Your goal: Transcribe, word for word, only the lines from the one containing "Plaster maquette of classical youth." through the end of the material below. Pictures stay out.

Raw data:
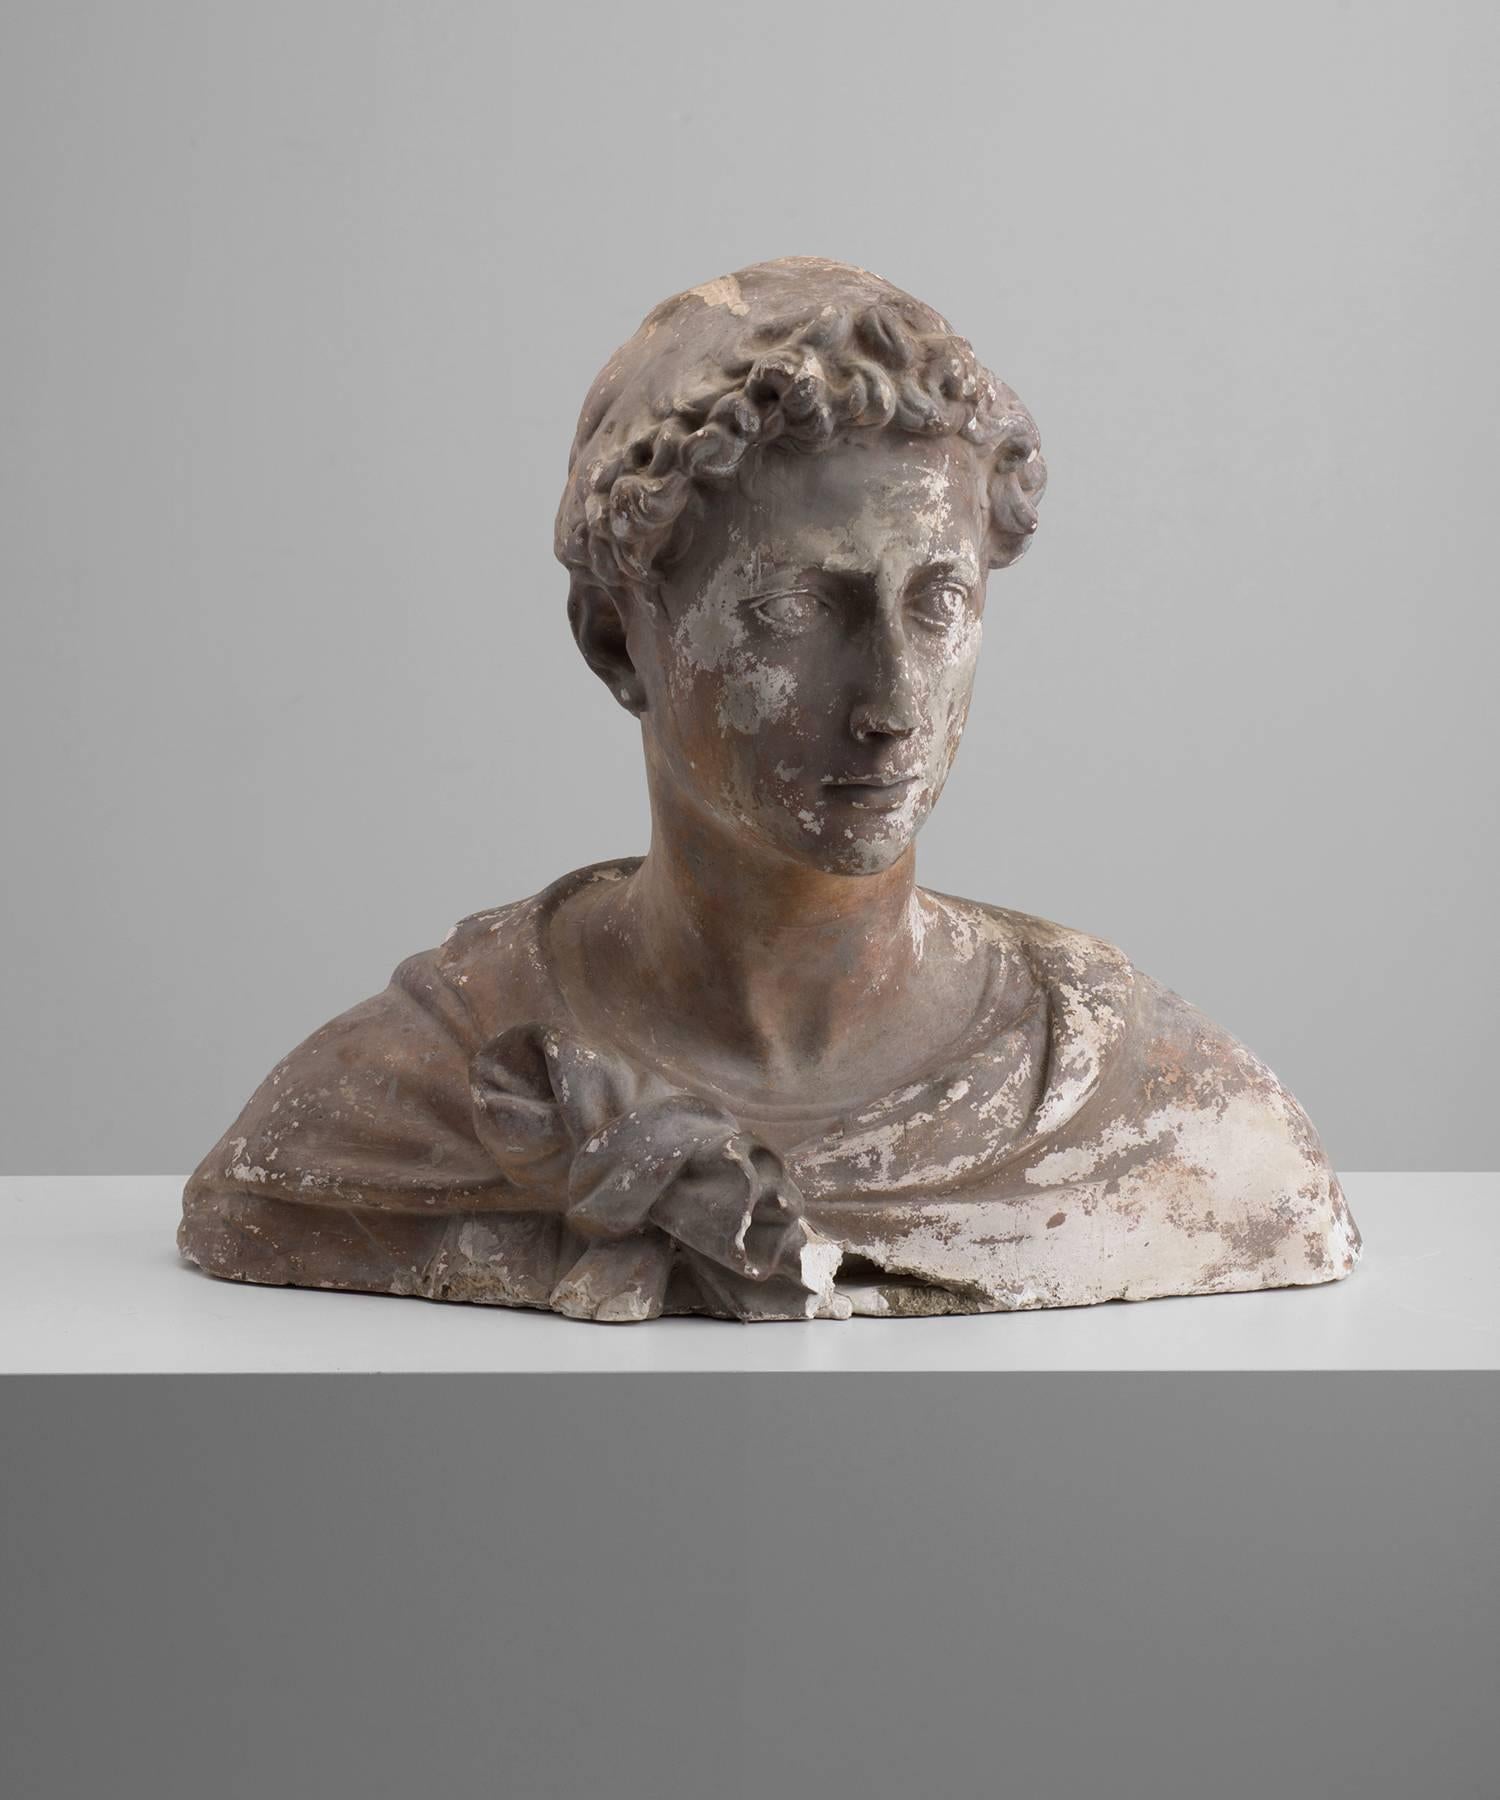 Large plaster maquette of Classical bust, circa 1860

Plaster maquette of classical youth.
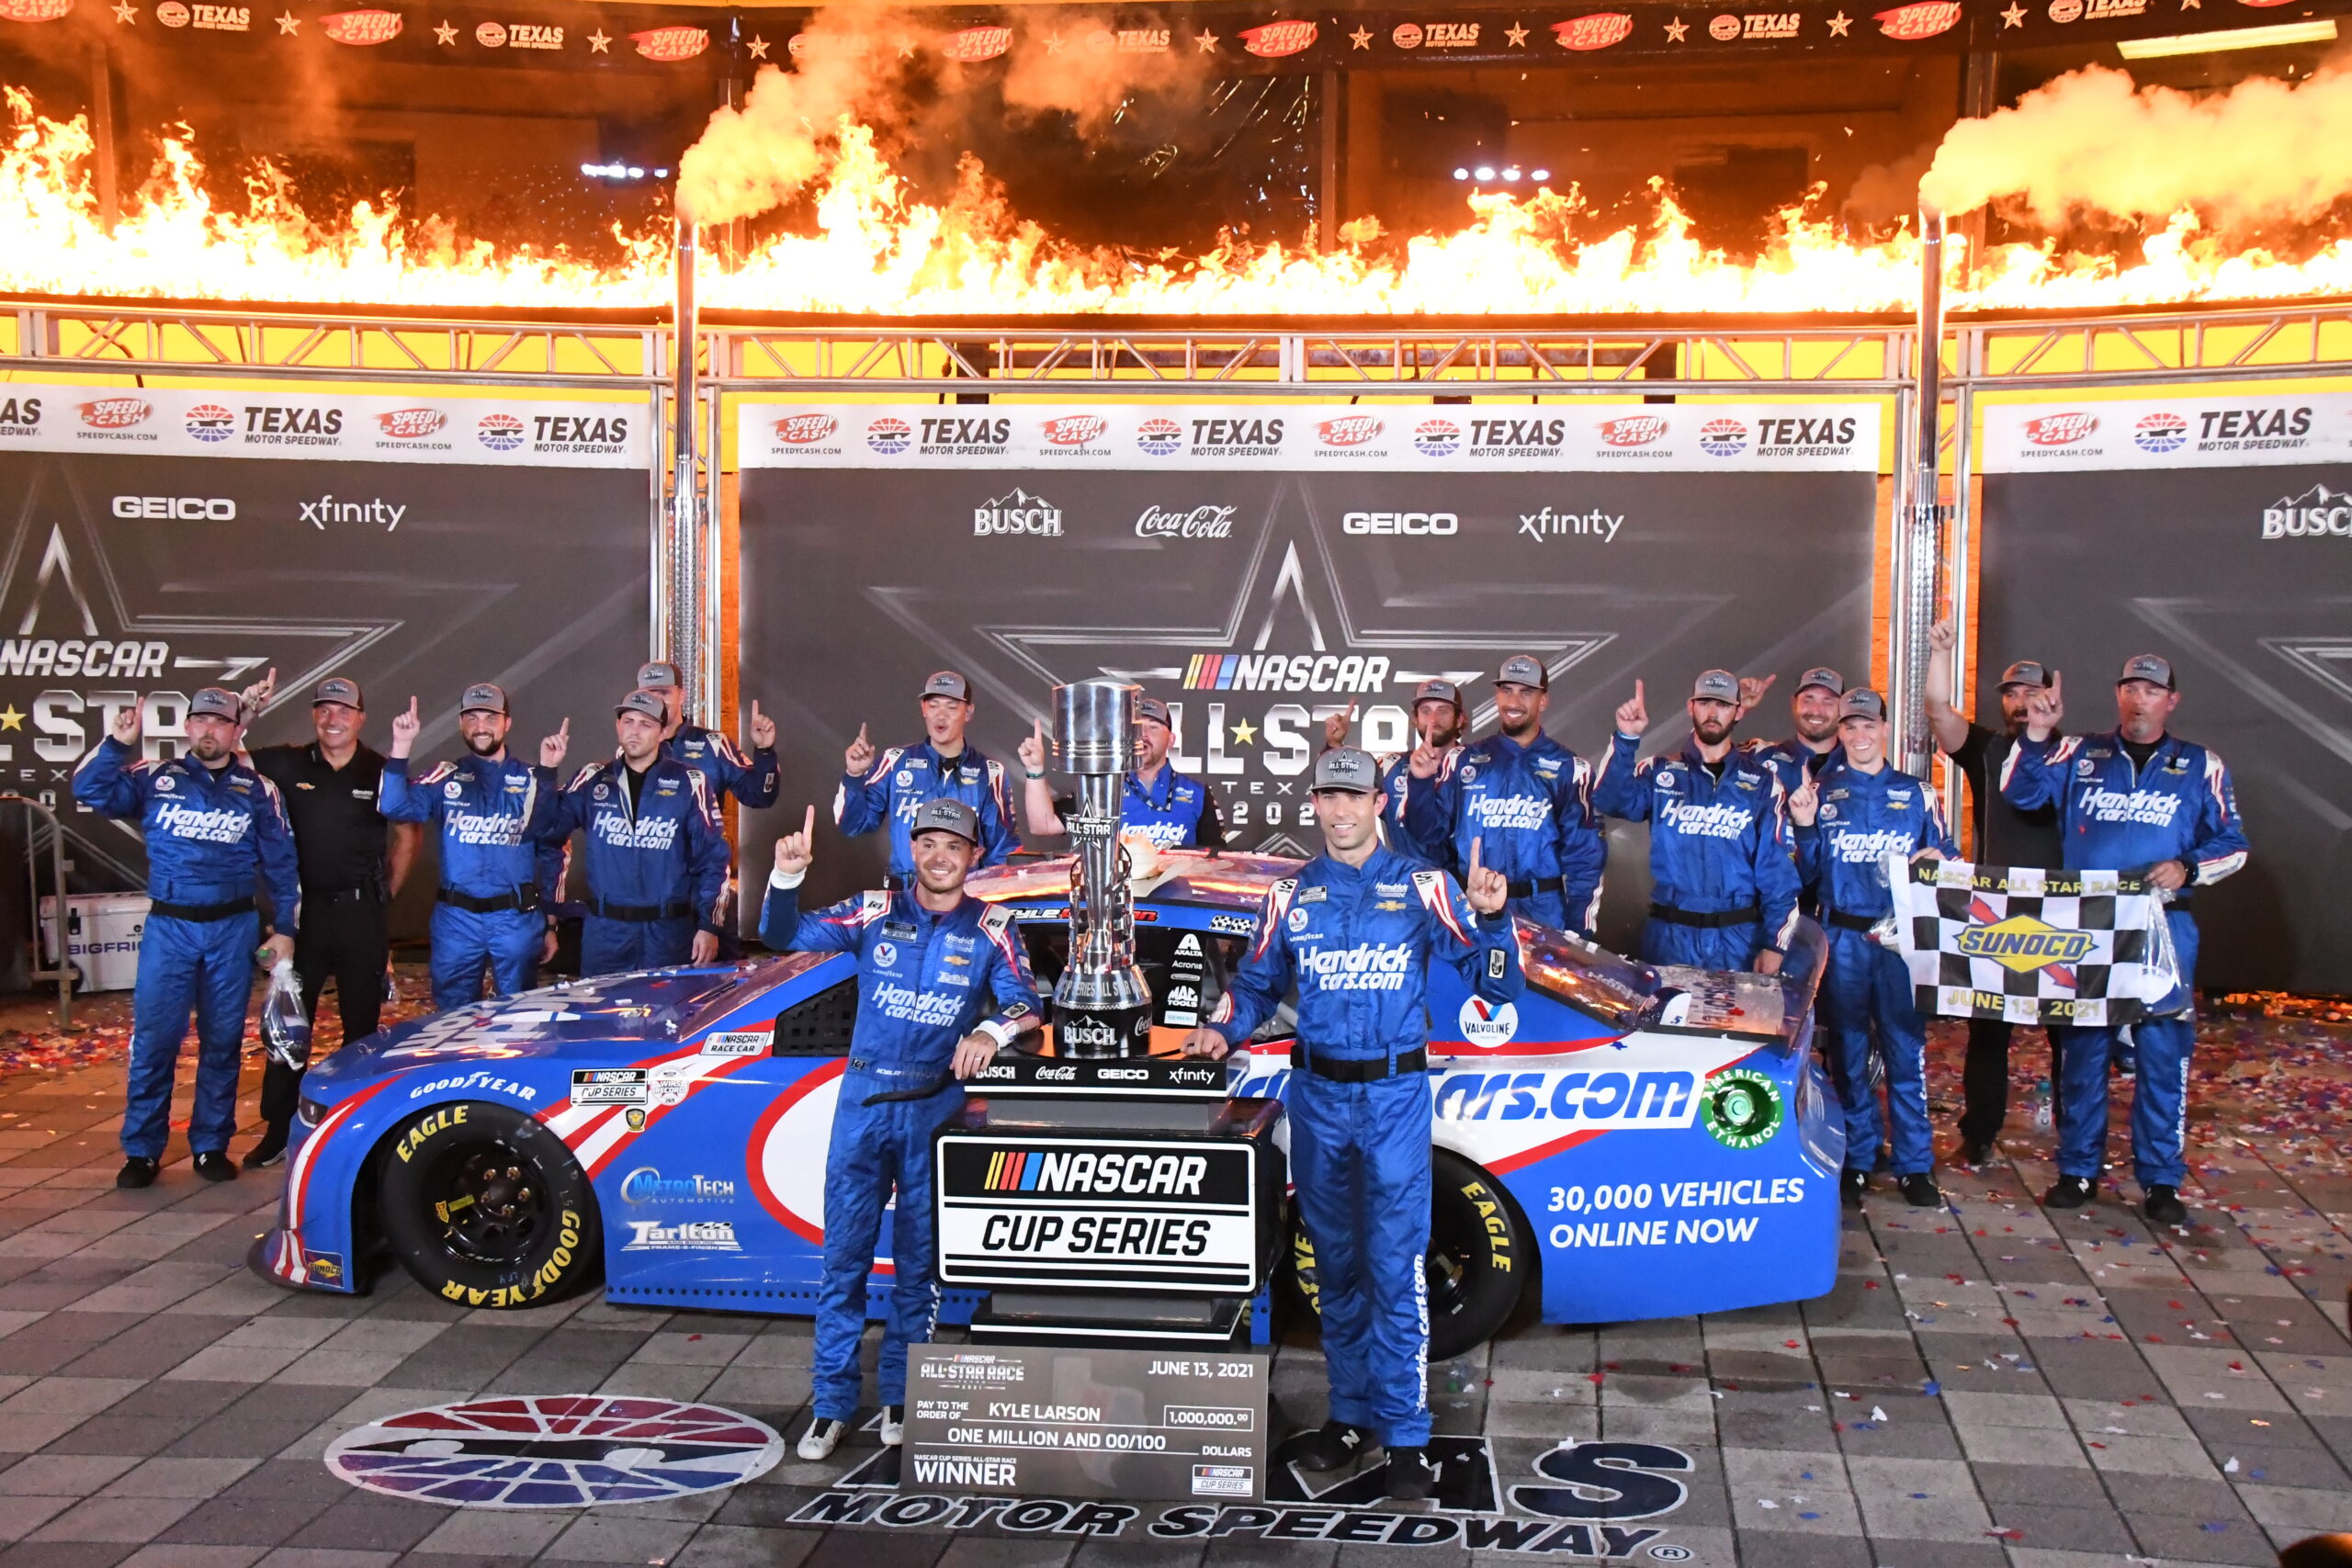 While the competition keeps chipping away, Kyle Larson and his No. 5 team continually send it. (Photo: Sean Folsom/The Podium Finish)

Finished exercise:
Plaster maquette of classical youth.
 While the competition keeps chipping away, Kyle Larson and his No. 5 team continually send it. (Photo: Sean Folsom/The Podium Finish)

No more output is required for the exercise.